Wearing a red Trump hat and a T-shirt depicting the president urinating on CNN, Lance Caster said Newsom’s approach makes sense to him, even though he doesn’t like it.
“It depends on what he wants. When he doesn’t like what Donald’s doing, he bad mouths him, and when he wants something, he’s really nice,” said Caster, a Republican who works as a truck driver and lives in the Sacramento suburb of Citrus Heights.
Across the street, Democrats Jean Hegland and Douglas Fisher wore medical masks and hoisted a hand-made sign saying, “Global warming just burnt our forest home.”
They said they became homeless three weeks ago when the Walbridge fire burned down the Sonoma County house they’d lived in for decades.
Hegland, a novelist, said Trump’s policies are destroying the environment and allowing Americans to die from the coronavirus. But she thinks Newsom, for the most part, has handled Trump well.
“He could stand up more,” she said. “But the challenge is, California needs things from that administration. And so he’s got a really delicate balance between expressing his ardent beliefs about all these issues that matter so much, and still finding a way to get along with an insane man.”
Most Californians believe climate change is “extremely important” or “very important” to them personally, according to a Public Policy Institute of California survey last month, and just one-fifth of the state’s likely voters said they trust the federal government to handle environmental issues. Not surprisingly in this overwhelmingly blue state, 70% of voters said Joe Biden would be better than Trump on environmental policy.
The Democratic presidential candidate emphasized his commitment to the issue during a speech today in Delaware, painting a picture of what he called the “punishing reality of climate change” — from hurricane Sally already inundating the Gulf Coast to the wildfires devastating the West.
As smoke and hazardous air continue to choke California, Oregon and Washington, Biden said that people are caught between risking infection by relocating during the coronavirus pandemic, or risking asthma attacks from the air.

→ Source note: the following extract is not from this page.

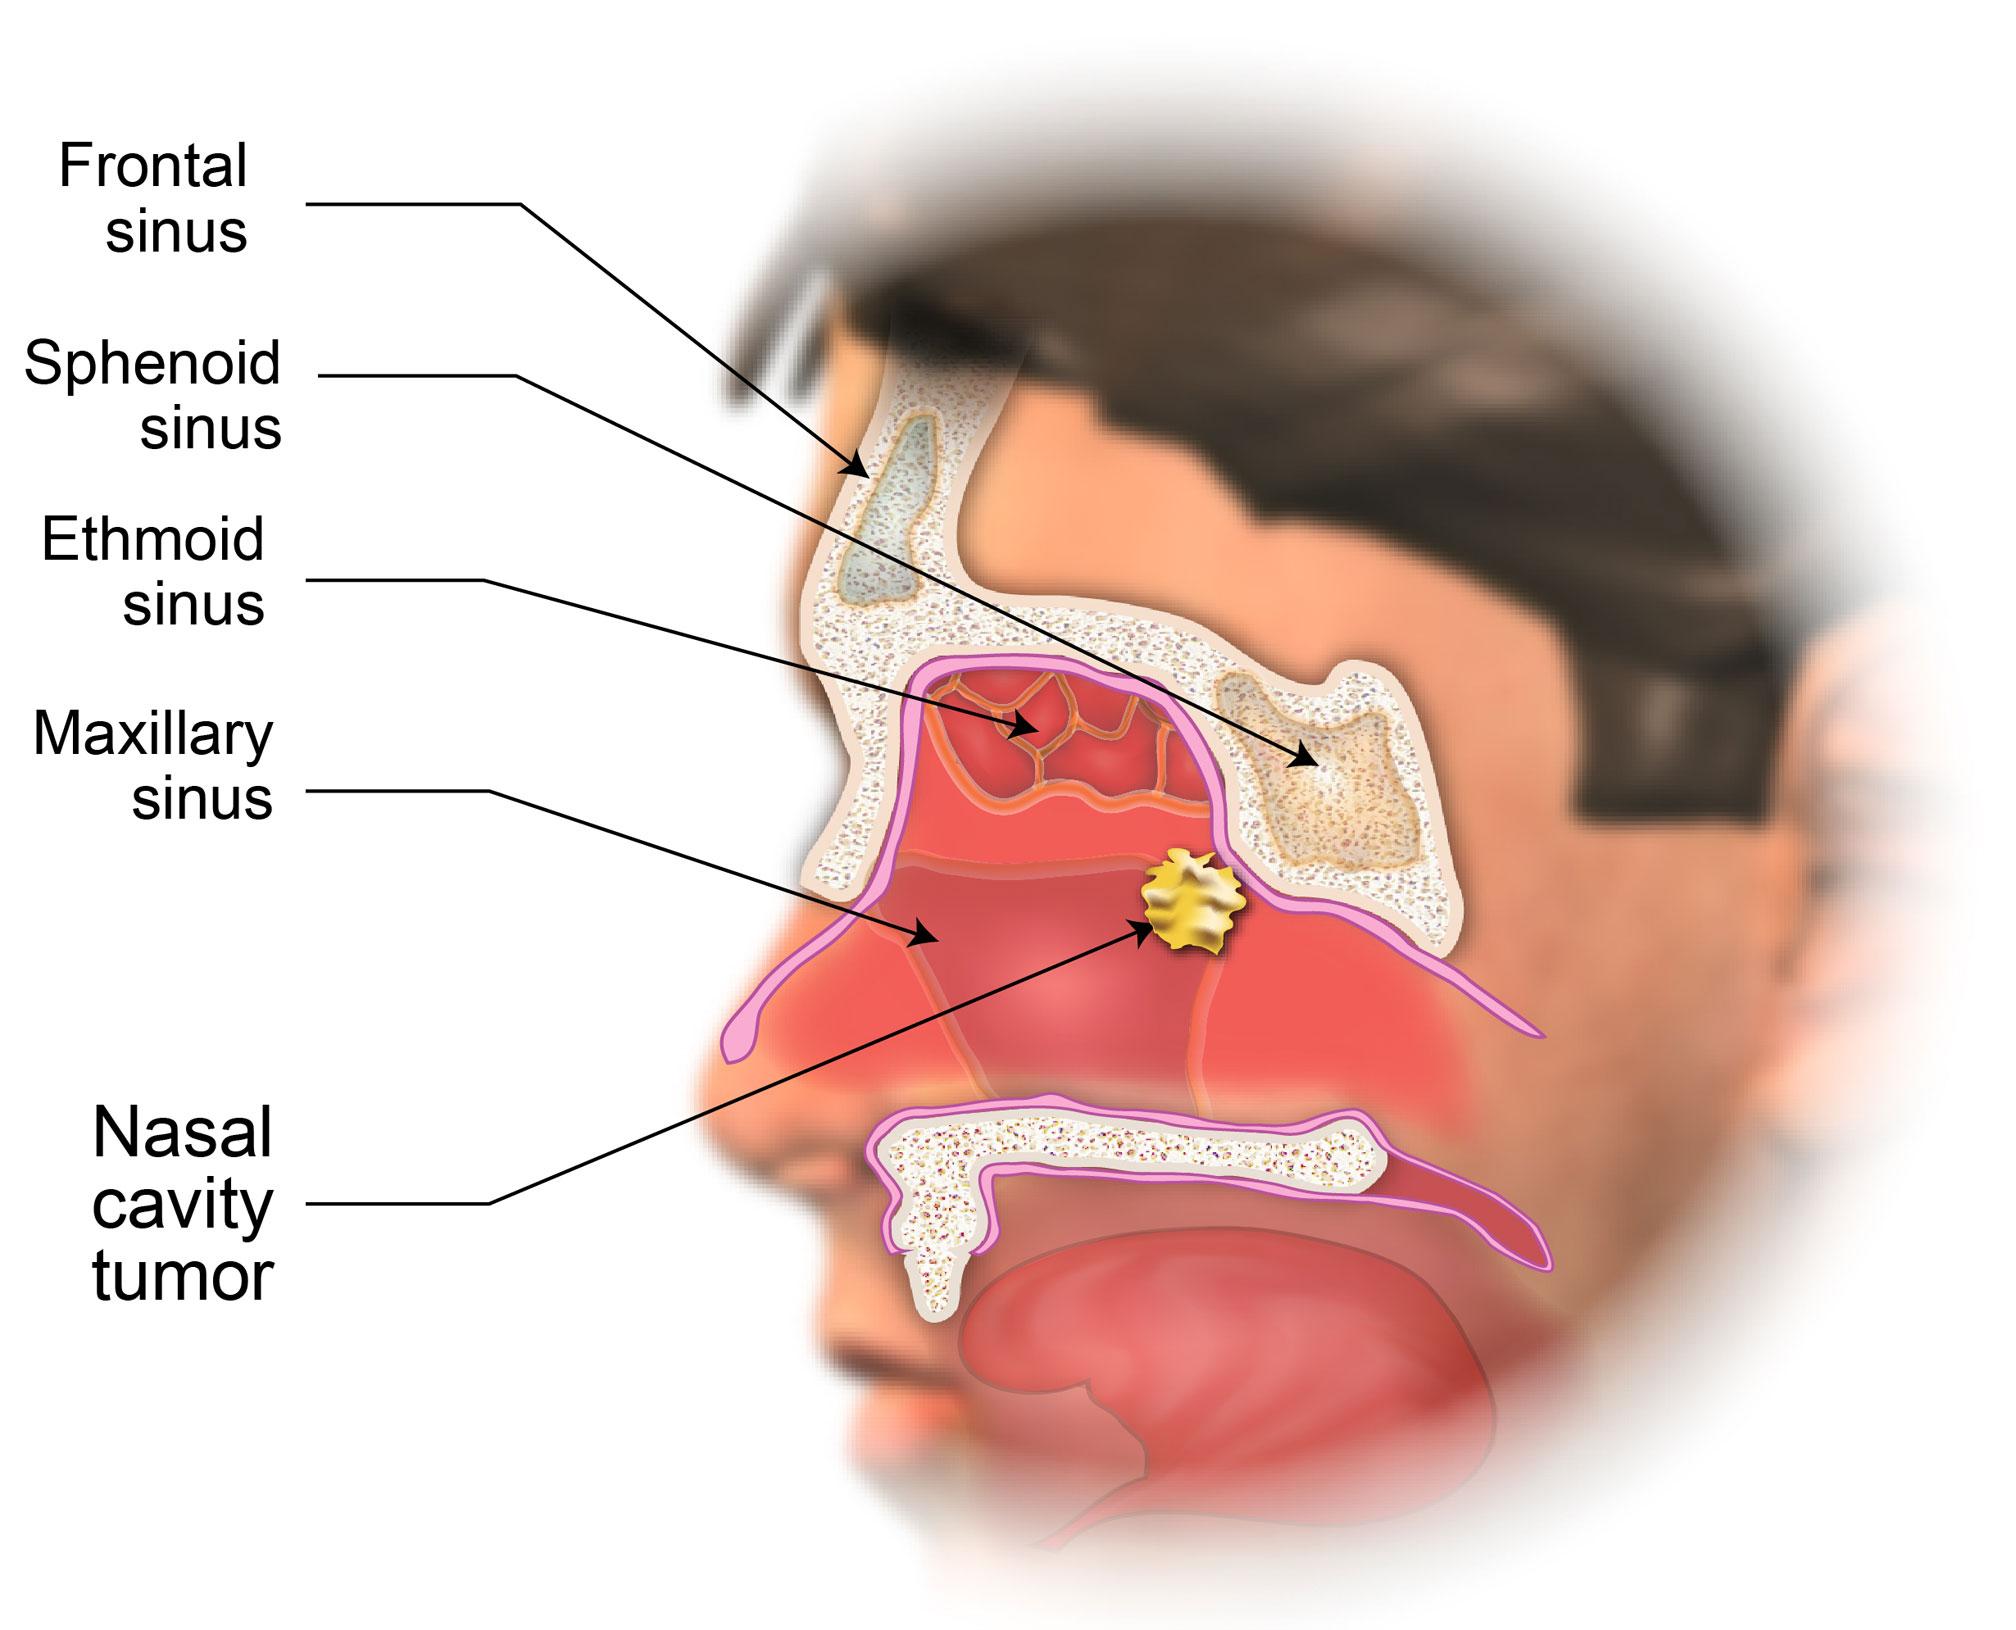 Papilloma nasal pathology

“It shouldn’t be so bad that millions of Americans live in the shadow of an orange sky, and they’re left asking, ‘Is doomsday here?’” he said.
Biden called out Trump’s contentious relationship with California, alluding to recent allegations by a former Homeland Security official who said Trump wanted to withhold aid to California because the state didn’t vote for him in 2016.
“This is another crisis,” Biden said. “Another crisis he won’t take responsibility for. The West is literally on fire. And he blames the people whose homes and communities are burning.”
CalMatters reporters Rachel Becker, Julie Cart and Barbara Feder Ostrov contributed to this report.